GIVEN INFORMATION:
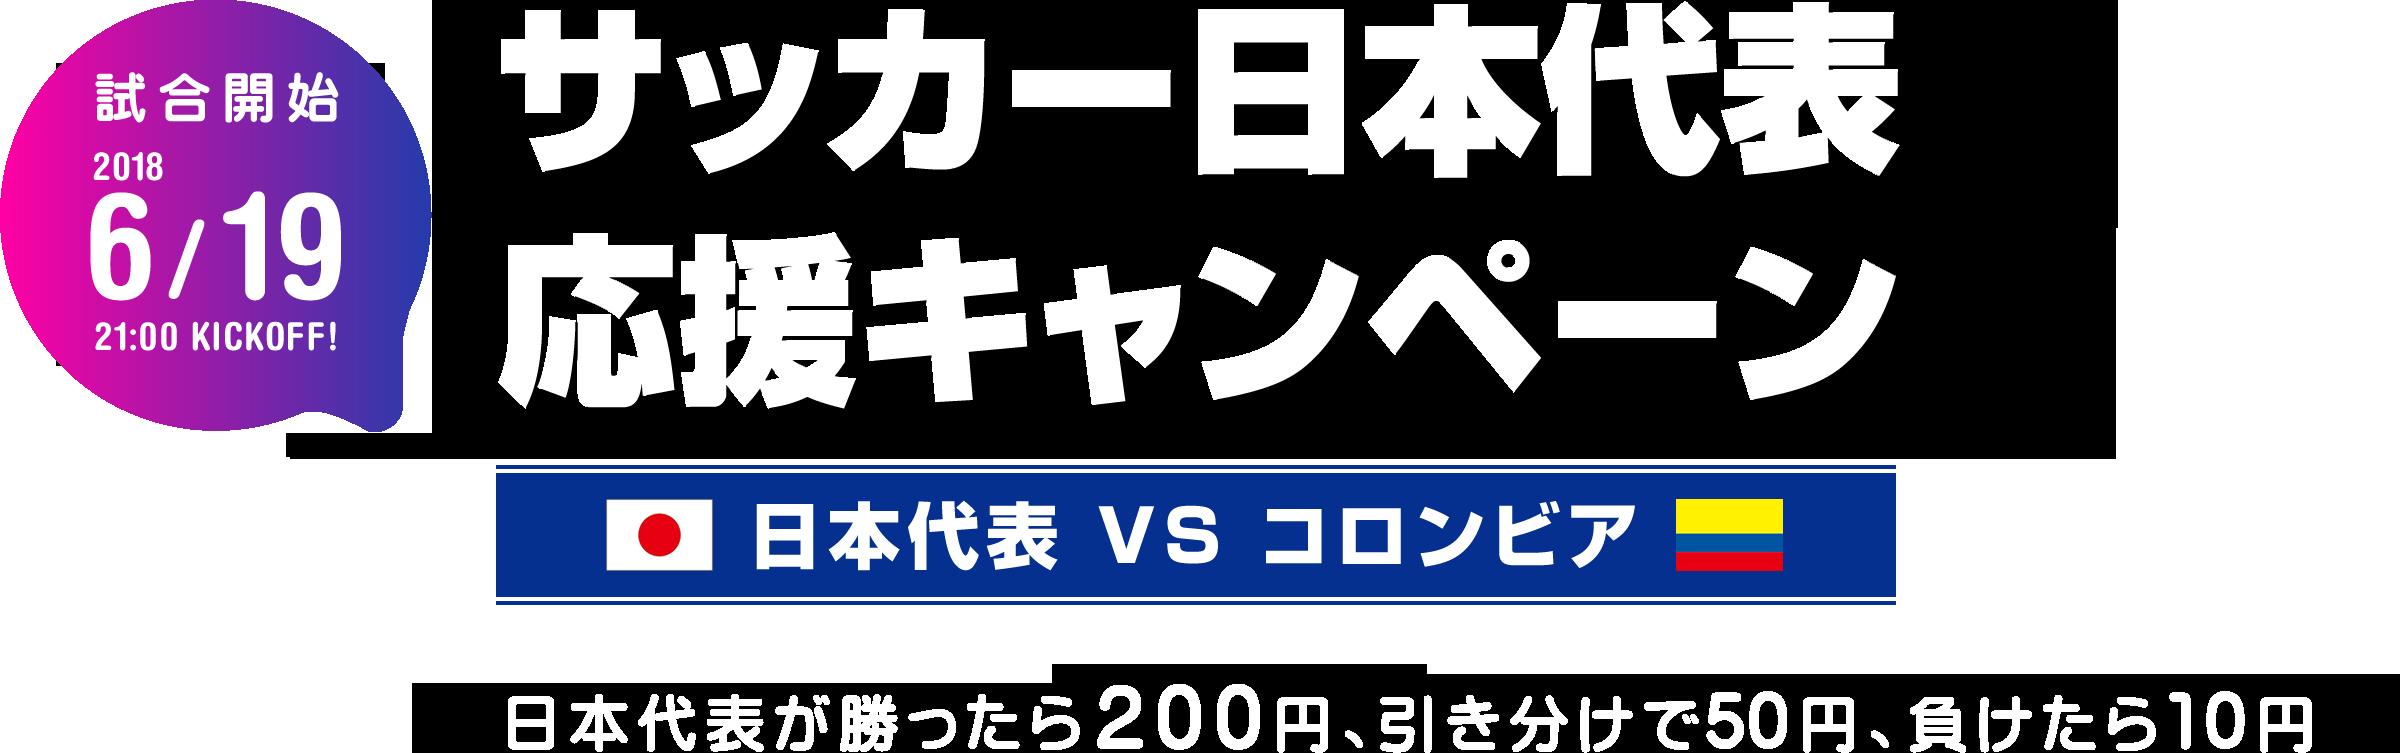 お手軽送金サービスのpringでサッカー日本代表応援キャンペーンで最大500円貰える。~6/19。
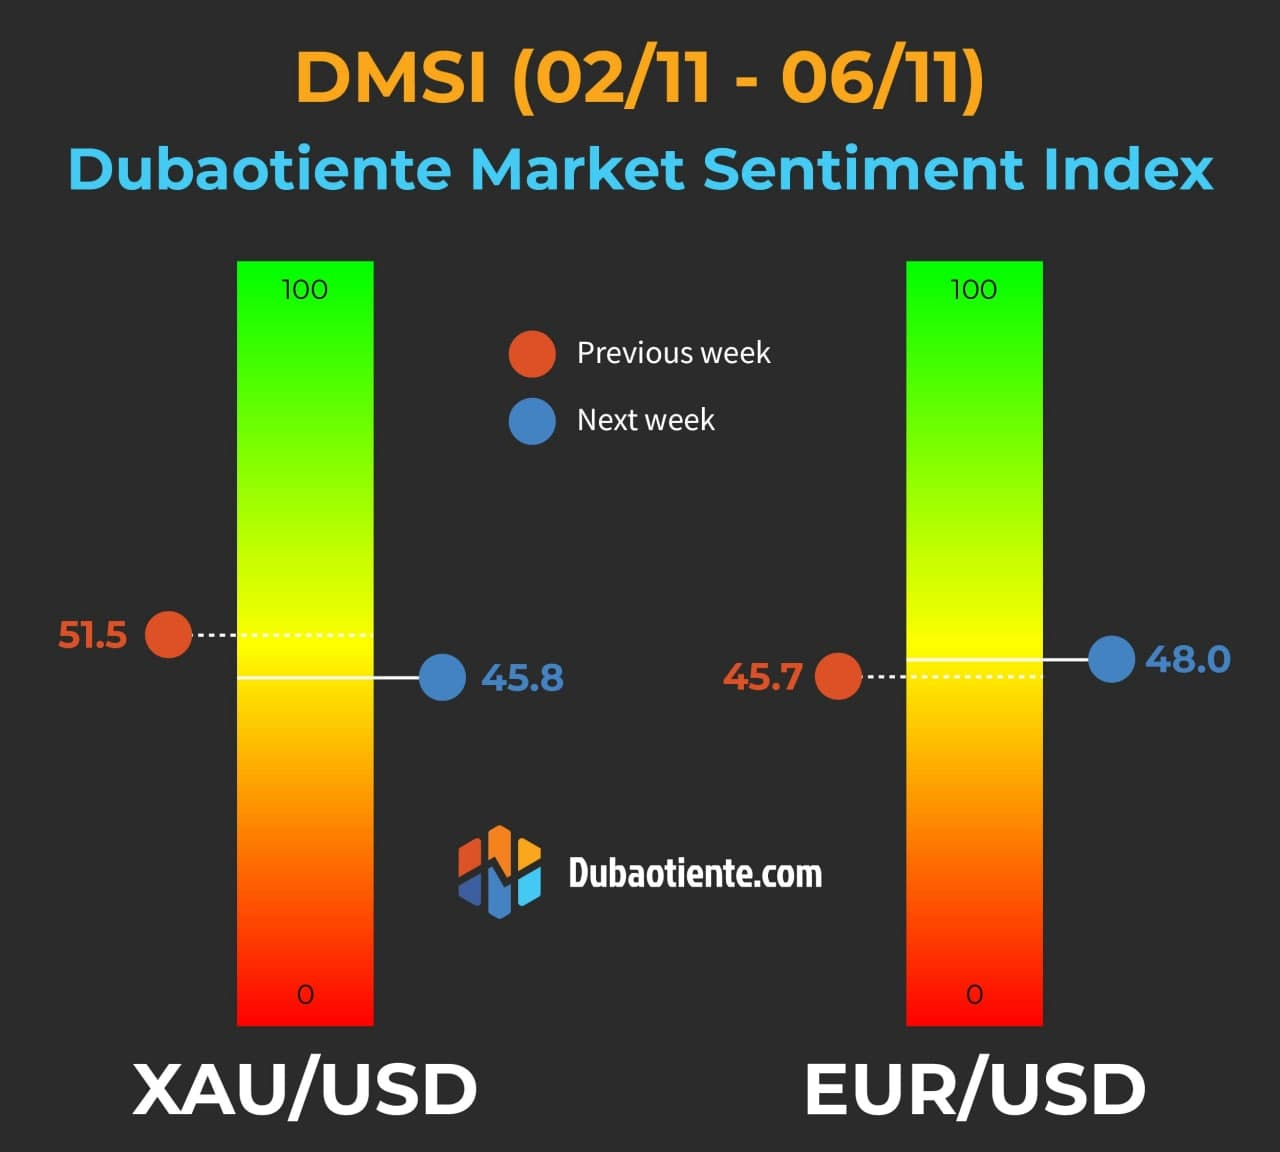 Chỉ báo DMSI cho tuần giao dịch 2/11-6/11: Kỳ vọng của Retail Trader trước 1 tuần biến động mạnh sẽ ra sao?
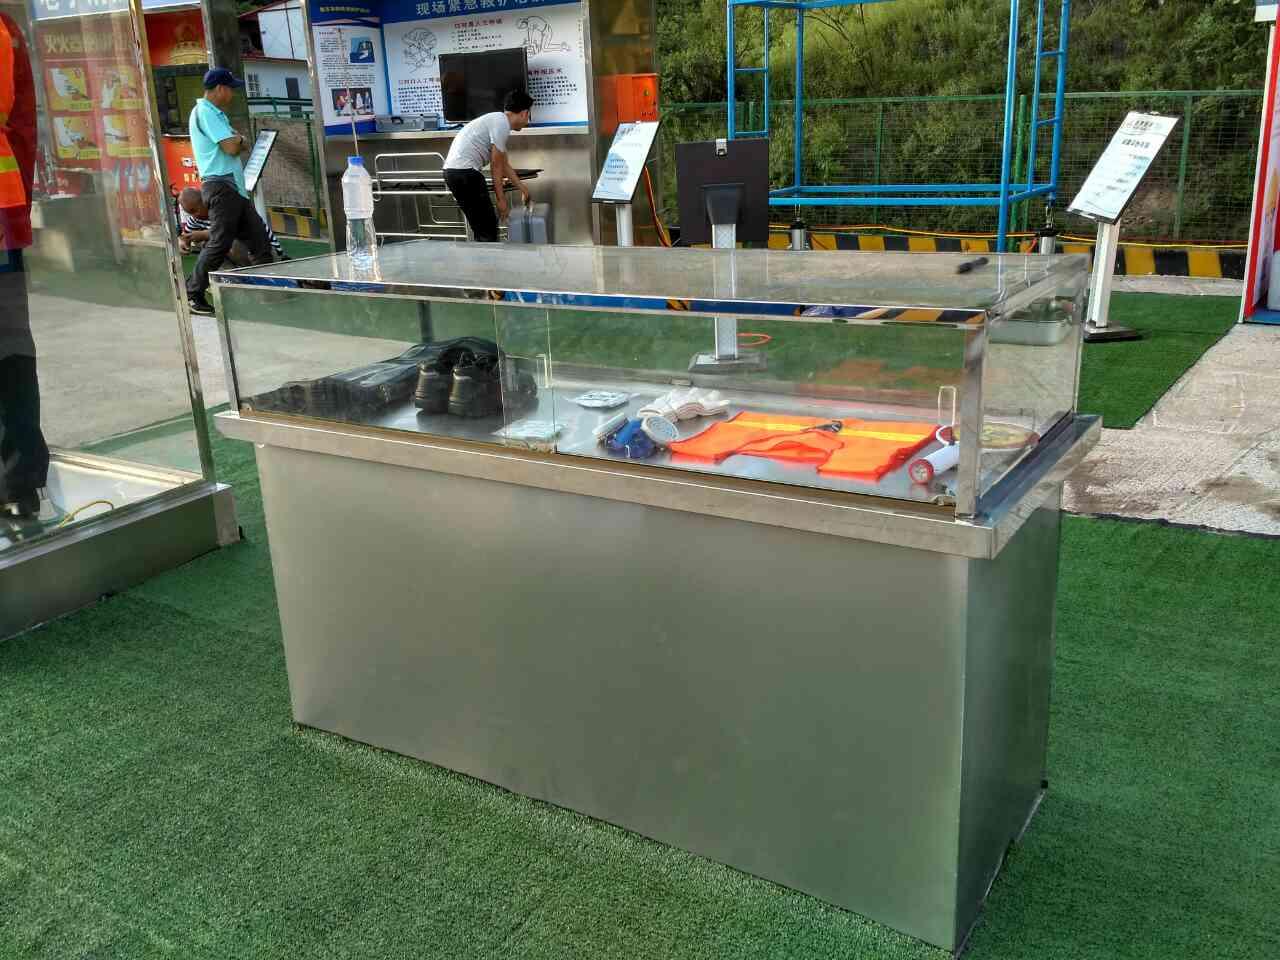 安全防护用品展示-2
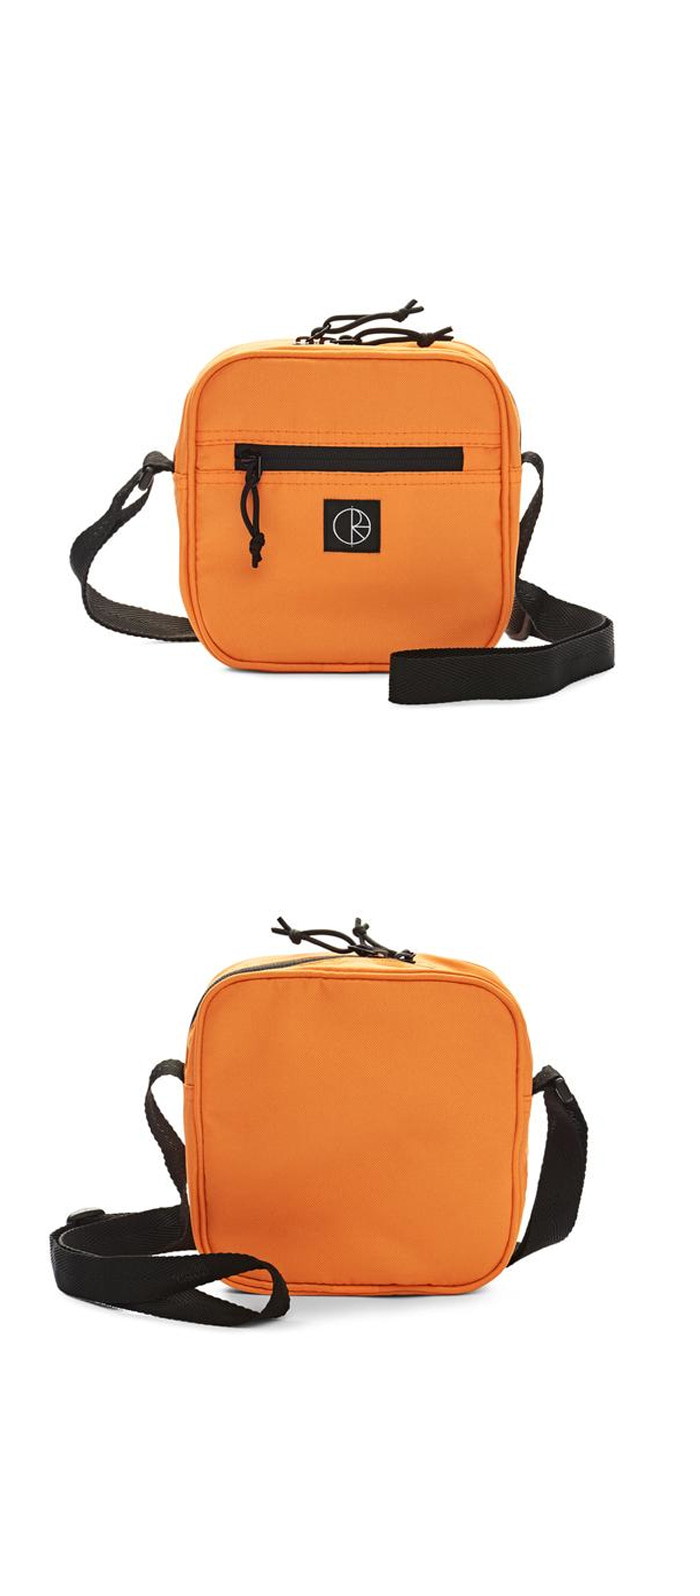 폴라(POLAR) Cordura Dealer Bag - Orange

PROBLEM DETAILS: Word for word, quote the full listing, omitting every picture.

ANSWER TO THIS EXERCISE:
 お手軽送金サービスのpringでサッカー日本代表応援キャンペーンで最大500円貰える。~6/19。
 Chỉ báo DMSI cho tuần giao dịch 2/11-6/11: Kỳ vọng của Retail Trader trước 1 tuần biến động mạnh sẽ ra sao?
 安全防护用品展示-2
 폴라(POLAR) Cordura Dealer Bag - Orange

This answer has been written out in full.